The Python would have looked like:
sample_br = BatchRetrieve(index, "DPH")
BM25F_br = BatchRetrieve(index, "BM25F")
PL2F_br = BatchRetrieve(index, "PL2F")
sampleRes = sample_br.transform(topics)
# assumes sampleRes contains the queries
BM25F_res = BM25F_br.transform(sampleRes)
PL2F_res = PL2F_br.transform(sampleRes)
final_res = BM25F_res.join(PL2F_res, on=["qid", "docno"])
final_res["features"] = np.stack(final_res["features_x"], final_res["features_y"])
Instead, we use ** to denote feature union:
sample_br = BatchRetrieve(index, "DPH")
BM25F_br = BatchRetrieve(index, "BM25F")
PL2F_br = BatchRetrieve(index, "PL2F")
# ** is the feature union operator. It requires a candidate document set as input
(BM25F_br ** PL2F_br)).transform(sample_br.transform(topics))
# or combined with the then operator, >>
(sample_br >> (BM25F_br ** PL2F_br)).transform(topics)
NB: Feature union expects the documents being returned by each side of the union to be identical. It will produce a warning if they are not identical. Documents not returned will obtain a score of 0 for that feature.
Example:
For example, consider that sample_br returns a ranking as follows:
qid |
docno |
score |
rank |
---|---|---|---|
q1 |
d10 |
4.3 |
0 |
Further, for document d10, BM25F and PL2F return scores respectively of 4.9 and 13.0. The application of the feature union operator above would be a ranking with features as follows:
qid |
docno |
score |
rank |
features |
---|---|---|---|---|
q1 |
d10 |
4.3 |
0 |
[4.9, 13.0] |
More examples of feature union can be found in the learning-to-rank documentation (Learning to Rank).
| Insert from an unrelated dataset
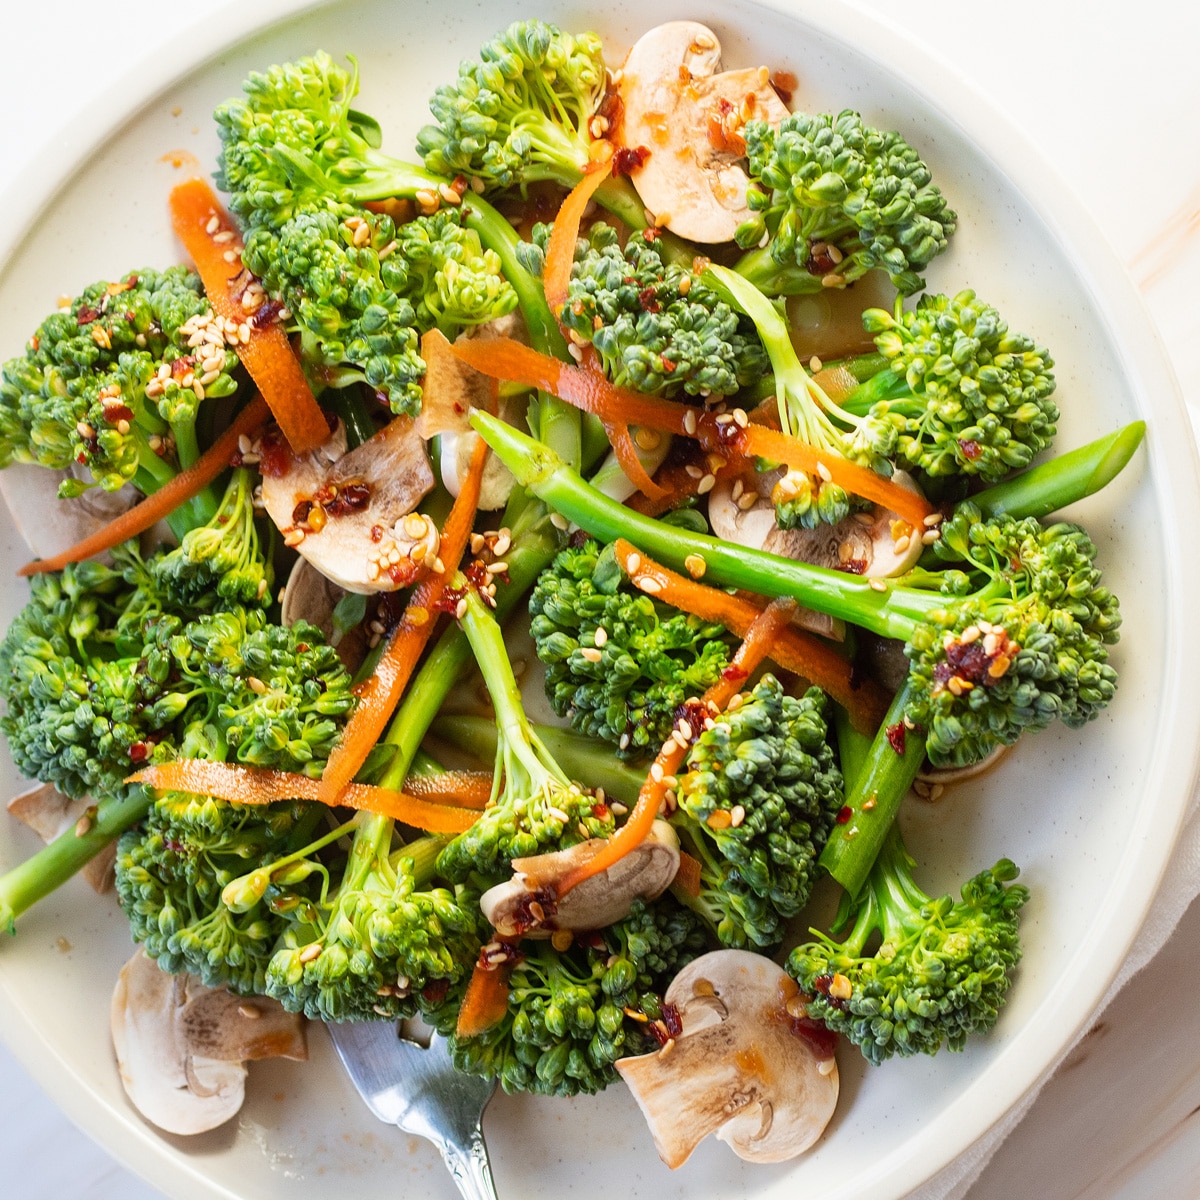 Салат брокколини на белой тарелке с грибами, бритой морковью и легкой азиатской заправкой.

Precedence and Associativity
Feature union is associative, so in the following examples, x1, x2 and x3 have identical semantics:
x1 = sample_br >> ( BM25F_br ** PL2F_br ** urllen)
x2 = sample_br >> ( (BM25F_br ** PL2F_br) ** urllen)
x3 = sample_br >> ( BM25F_br ** (PL2F_br ** urllen))
Pipelines x1, x2 and x3 are all pipelines that create identical document rankings with three features, in the precise order BM25F, PL2F and urllength.
Note that >> has higher operator precendence in Python than **. For this reason, feature unions usually need to be expressed in parentheses. In this way the semantics of pipelines a, b and c in the example below are not identical, and indeed, a is parsed like b, while c is almost always the desired outcome:
# a is parsed in the same way as b, when the likely desired parse was c
a = sample_br >> BM25F_br ** PL2F_br
b = (sample_br >> BM25F_br) ** PL2F_br)
c = sample_br >> ( BM25F_br ** PL2F_br)
Caching Transformers¶
Some transformers are expensive to apply. For performing experiments, you may value using pyterrier-caching to allow the results of a transformer to be cached.